▶ [Activity]:
Repeat the listing below exactly. Pictures do not belong in the copy.

▶ [Data block]:
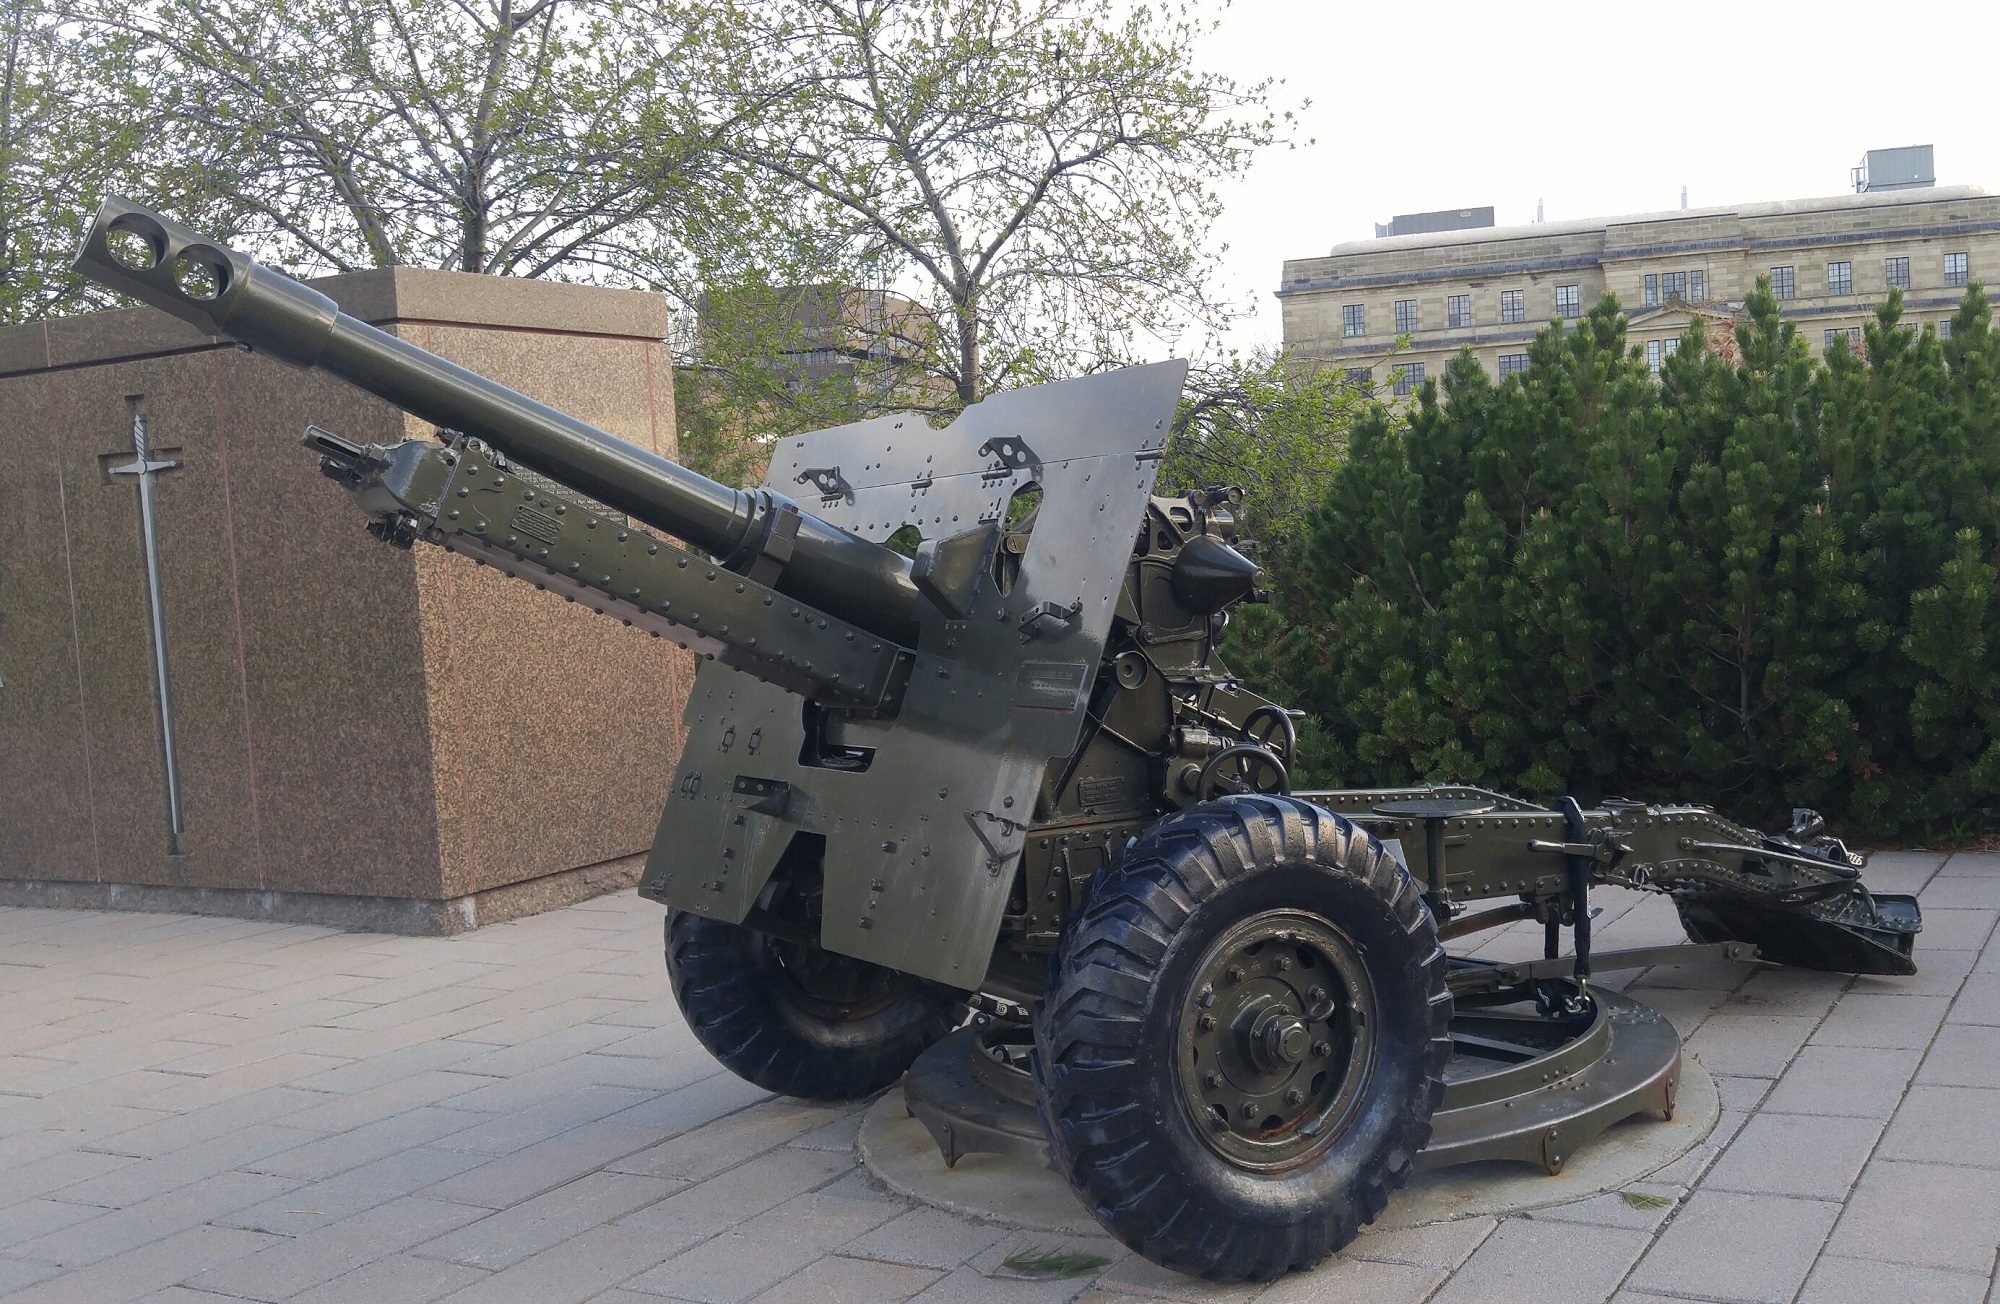 25 pounder artillery field gun
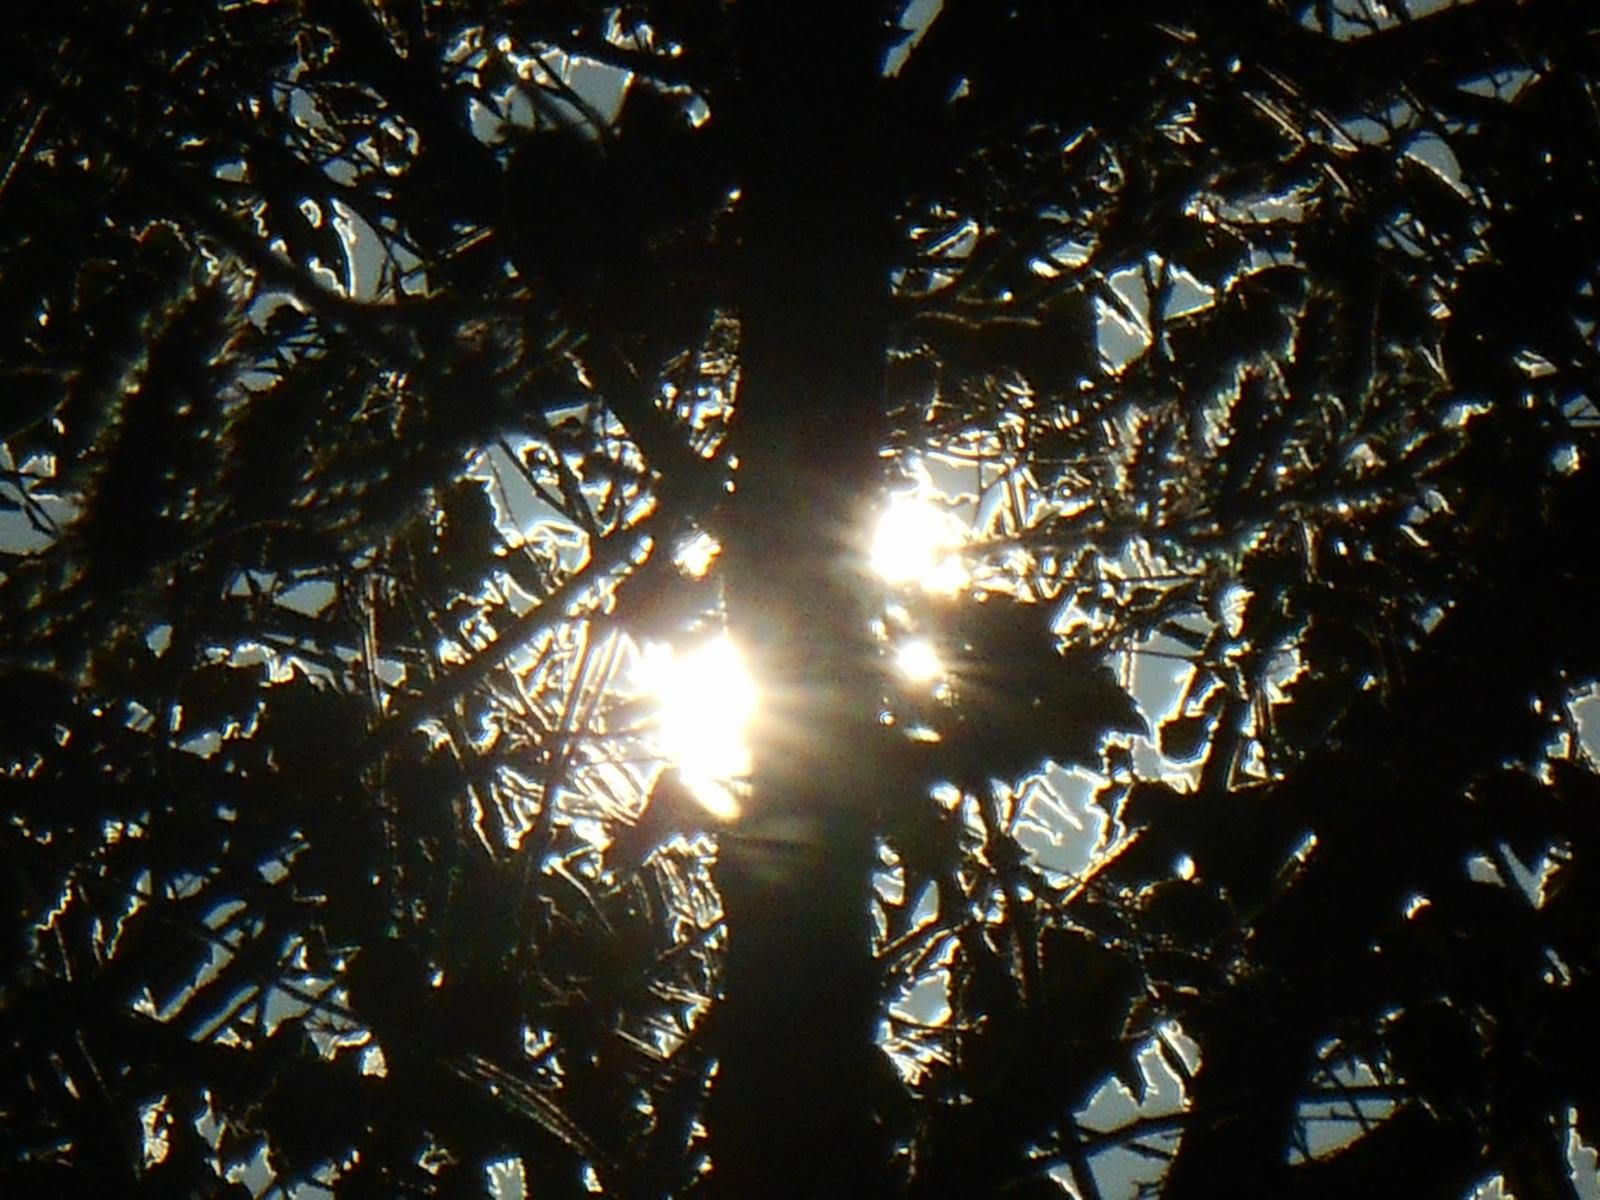 Magnifique contraste entre le bois et le soleil ( Les Moutiers en Retz )
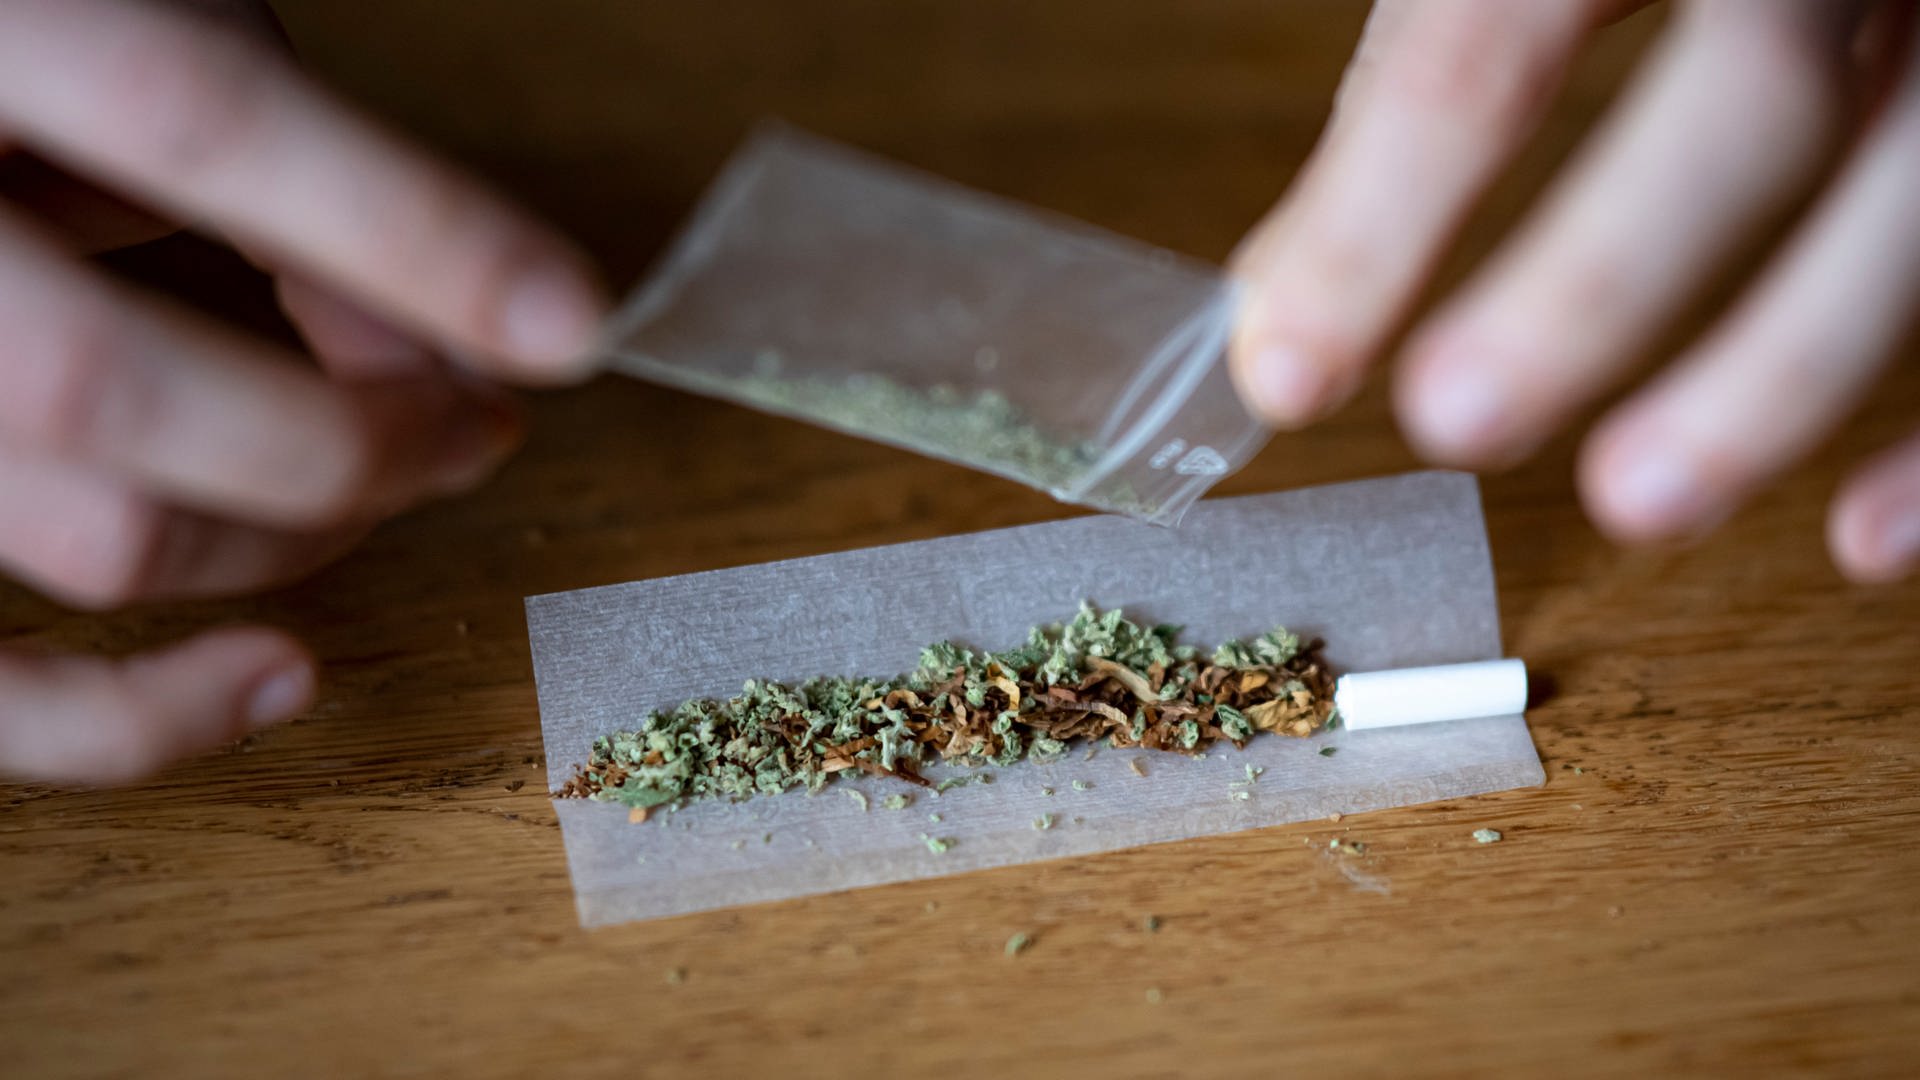 ++ Cannabis-Legalisierung ++ Sturmschäden ++ Mainz 05 beim Tabellenführer ++
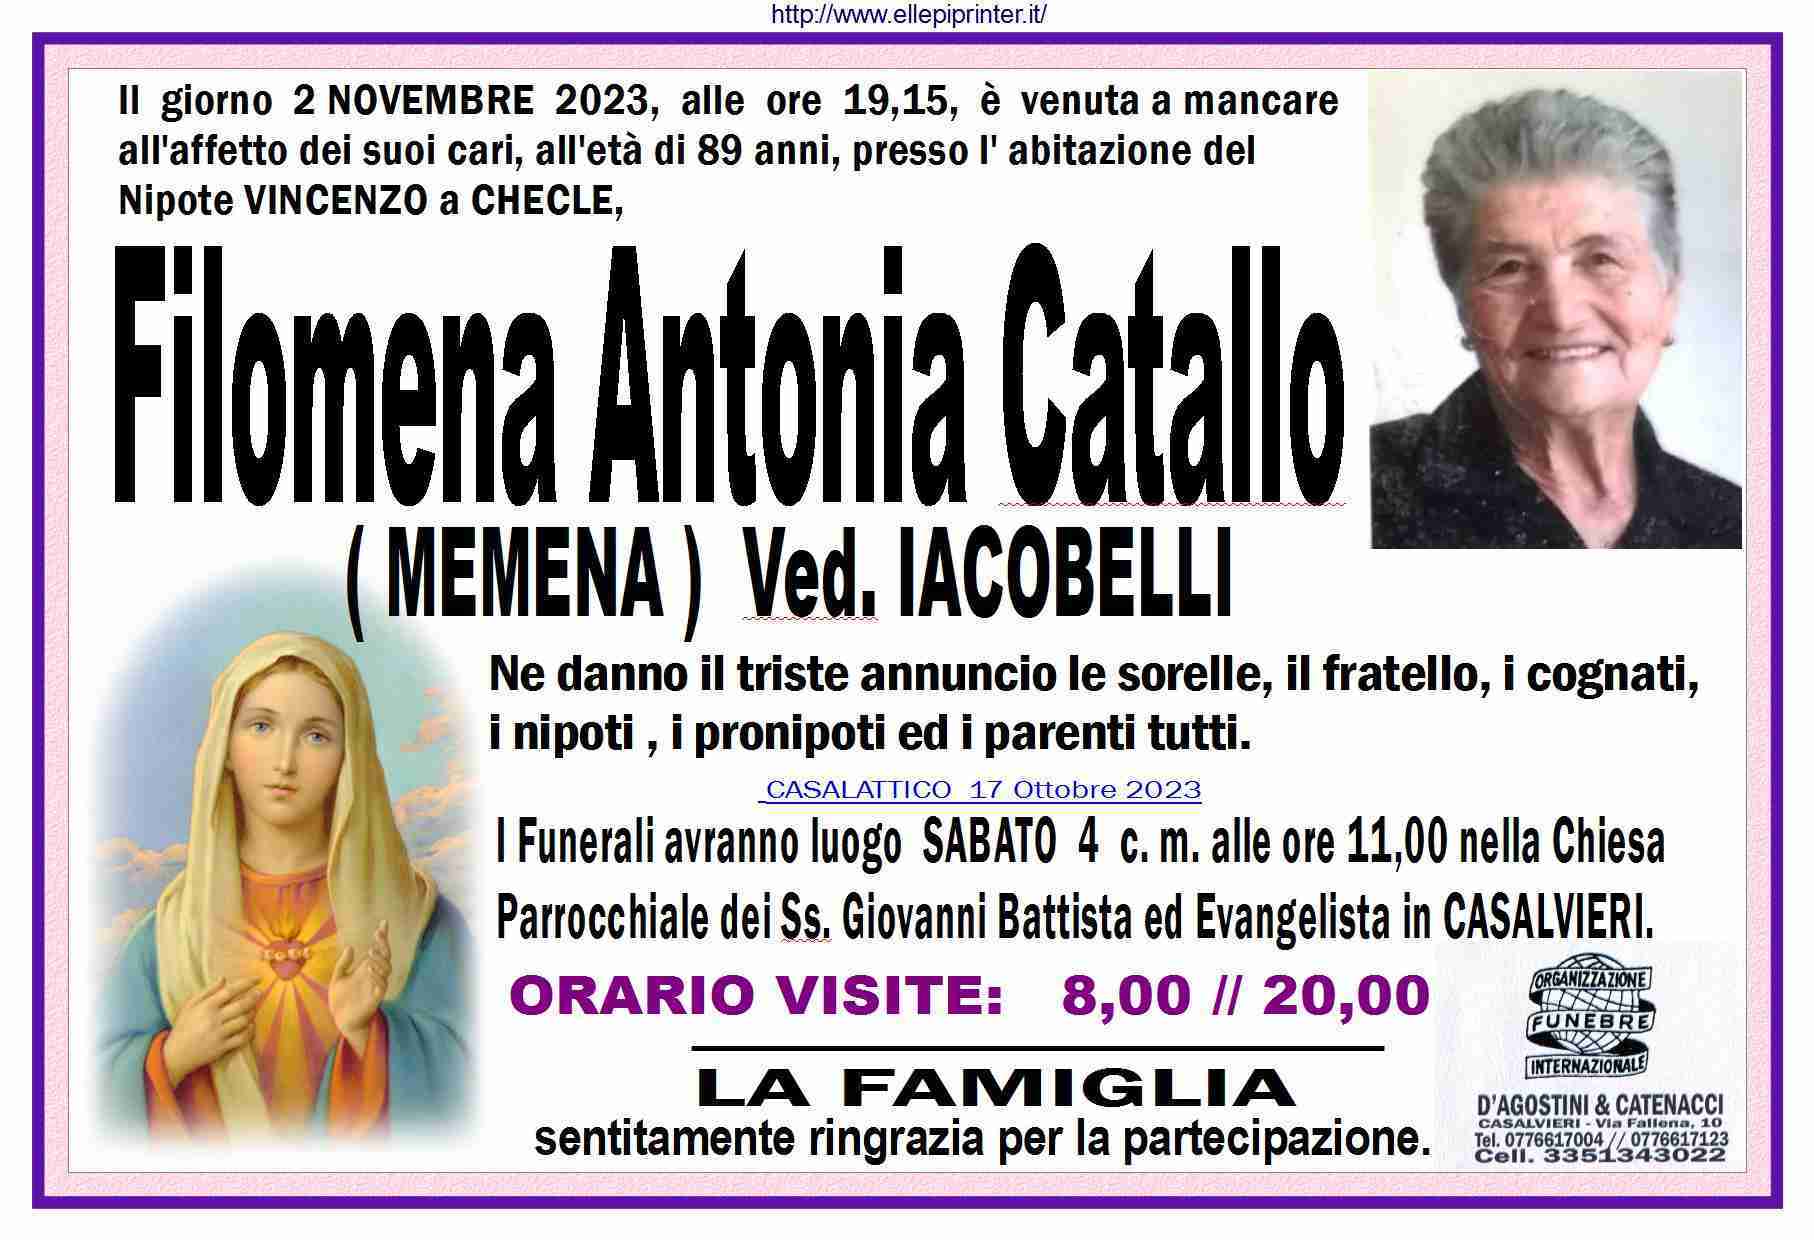 Filomena Antonia Catallo

▶ [Finished exercise]:
 25 pounder artillery field gun
 Magnifique contraste entre le bois et le soleil ( Les Moutiers en Retz )
 ++ Cannabis-Legalisierung ++ Sturmschäden ++ Mainz 05 beim Tabellenführer ++
 Filomena Antonia Catallo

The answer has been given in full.